But the Bybee memo wasn't the start of BushGov's obsession with torture. As I've pointed out here, here and here - in early 2002, eight months prior to the Bybee memo request, then Attorney General Alberto Gonzales began the process to have terrorism detainees excluded from Geneva not because they didn't have valid status - Geneva applies to all prisons regardless of whether they are soldiers of a specific nation or not - but because Gonzales wished to avoid possible War Crimes prosecution of Adminstration Officials.“We do not torture,” President Bush has said time and again. But Bush has approved techniques that are defined as torture under the Geneva Conventions. In fact, he abrogated U.S. compliance with Article 3 of the Conventions that specifically prohibits torture. Indeed, his then White House counsel and now attorney general Alberto Gonzales contemptuously referred to the Conventions as “quaint.”
In the infamous memo of August 1, 2002 written by the Justice Department’s Office of Legal Counsel, the so-called “Bybee memo,” after Jay Bybee, its director and since appointed by Bush to a federal judgeship, the Conventions were shoved aside and the definition revised. Rather than the Conventions stipulations against “cruel, inhumane and degrading” treatment of prisoners and “outrages upon personal dignity, in particular, humiliating and degrading treatment,” the administration adopted new standards: “Physical pain amounting to torture must be equivalent to intensity to the pain accompanying serious physical injury, such as organ failure, impairment of bodily function, or even death.” The Bush administration’s new torture policy prompted the export of torture technique from Guantanamo to Abu Ghraib.

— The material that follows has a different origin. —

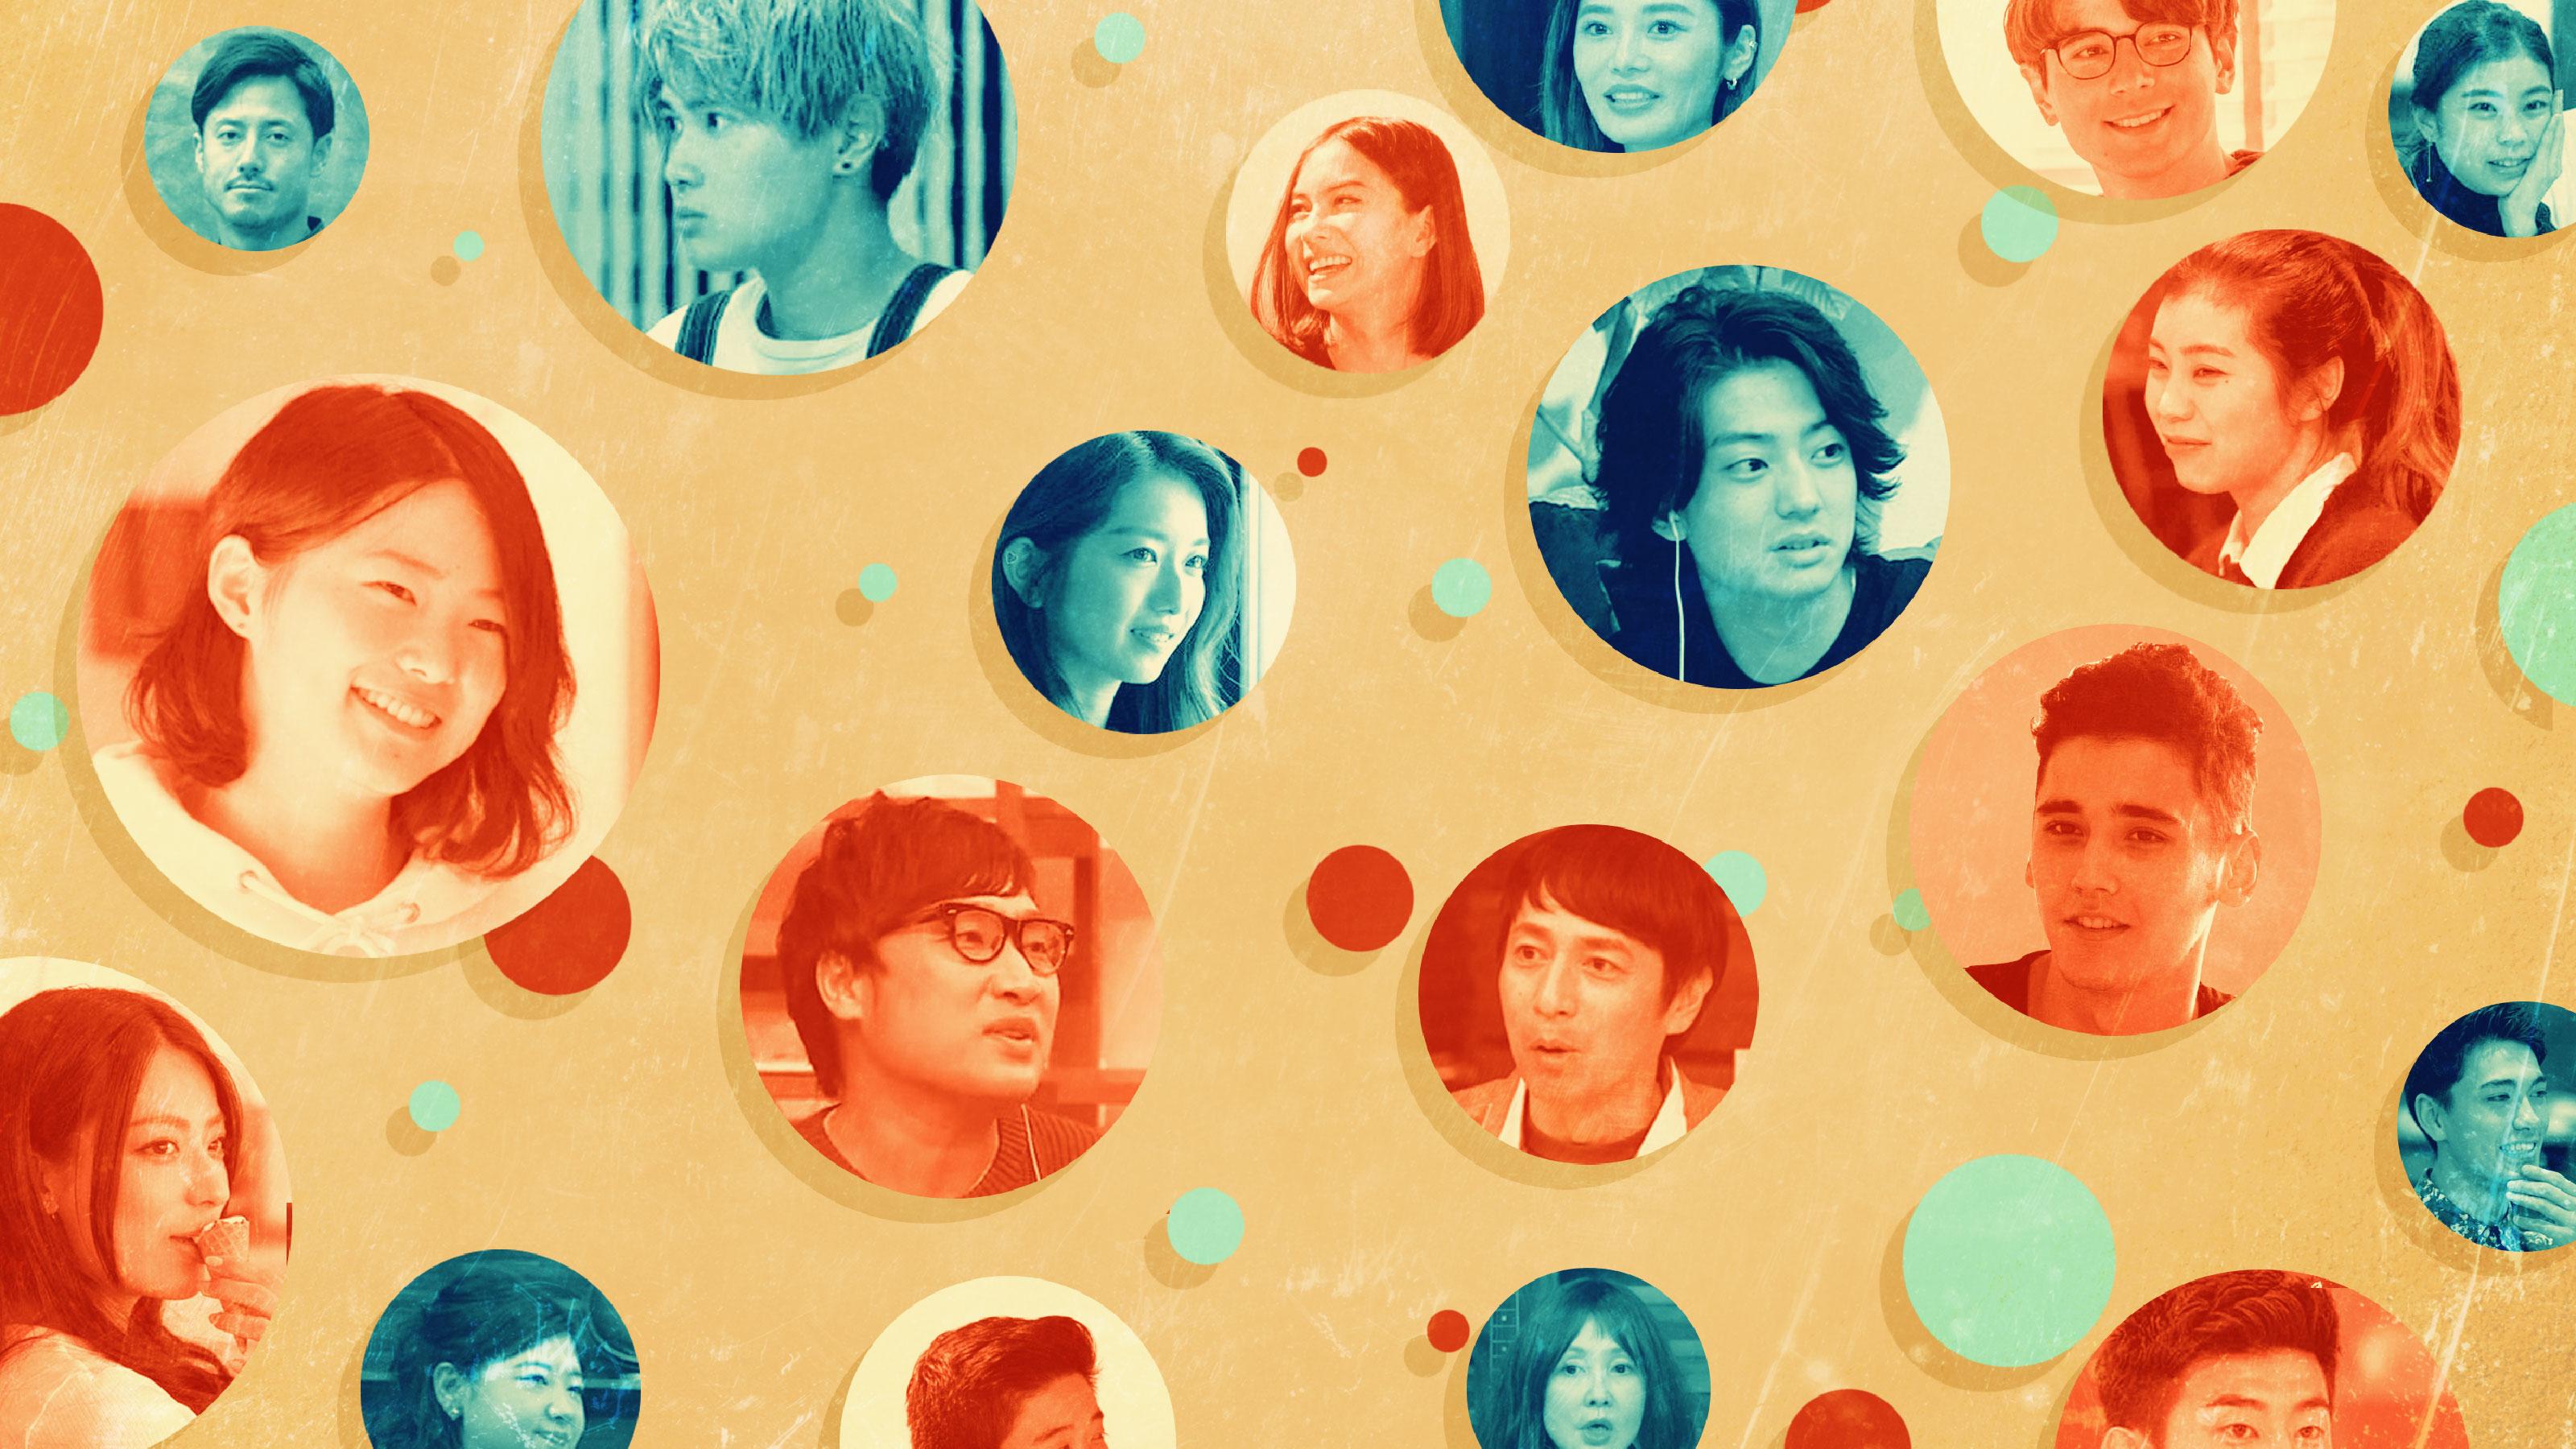 Terrace House' Is Netflix's Most Harrowing, Emotional

In recent weeks, Gonzales and Bush's attempts to end-run Geneva via Presidential decree have run upon rocky ground before the Supreme Court who flatly rejected the notion that Geneva did not apply. And if Geneva applies, so does the War Crimes Act of 1996. 18 USC § 2441
The debate has prompted former Chairman of the Joint Chiefs and Secretary of State Powell to submit a stern letter to the president, saying that President's position on this throws our moral basis for the war on terror "into doubt."
But why does Bush continue to insist on these methods when many of the professionals in the field, including the FBI argue that they simply don't work.
Blumenthal sees this insistence on "Hard Charging" techniques as part of a larger reshaping of the Presidency by Bush and his followers. A radical resurgence of the Imperial Presidency of Richard Nixon and even more. ("If the President does it, it's legal...") The use of warrantless wiretaps against American citizens, unlimited detention without judicial oversight, habeous corpus or due process, torture - even murder have all occured under this Presidents watch, and worse - at his direction.The FBI forbids its agents from participating in any way in interrogation of detainees because of agents’ experience of what they considered torture. One agent in an email to bureau officials on August 2, 2004 described what he witnessed at the Guantanamo detainee prison camp: “On a couple of occasions, I entered interview rooms to find a detainee chained hand and foot in a fetal position to the floor, with no chair, food or water. Most times they had urinated or defecated on themselves, and had been left there for 18 to 24 hours or more.” In one case, he said, “The detainee was almost unconscious on the floor, with a pile of hair next to him. He had apparently been literally pulling his own hair out throughout the night.”
Bush claims are these methods that are “not torture” are necessary because they produce valuable intelligence on terrorism activities. Yet an FBI agent involved in the interrogations wrote on December 5, 2003, “These tactics have produced no intelligence of a threat neutralization nature to date and . . .”
The U.S. Army agrees emphatically. On September 6, the same day that Bush unveiled his new plan for torture and kangaroo courts, Lieutenant General John F. Kimmons, the Army’s Deputy Chief of Intelligence, in his presentation of the Army’s new field manual on interrogation that specifically encoded the Geneva Conventions rules against torture, said directly: “No good intelligence comes from abusive interrogation practices.”
16 Months Ago Amnesty International called for the investigation, and if neccesary arrest and prosecution of George W. Bush, Donald Rumsfeld and Alberto Gonzales for War Crimes. It's clear that with the paper trail that has been produced by the ACLU, any serious investigation of these issues would lead to grave consequences under 2441, including up to 5 years imprisonment and possible execution, for those who paved the way for these events to have occured. Even members of Congress if they approve the weakening and redefining of Geneva that the President has proposed.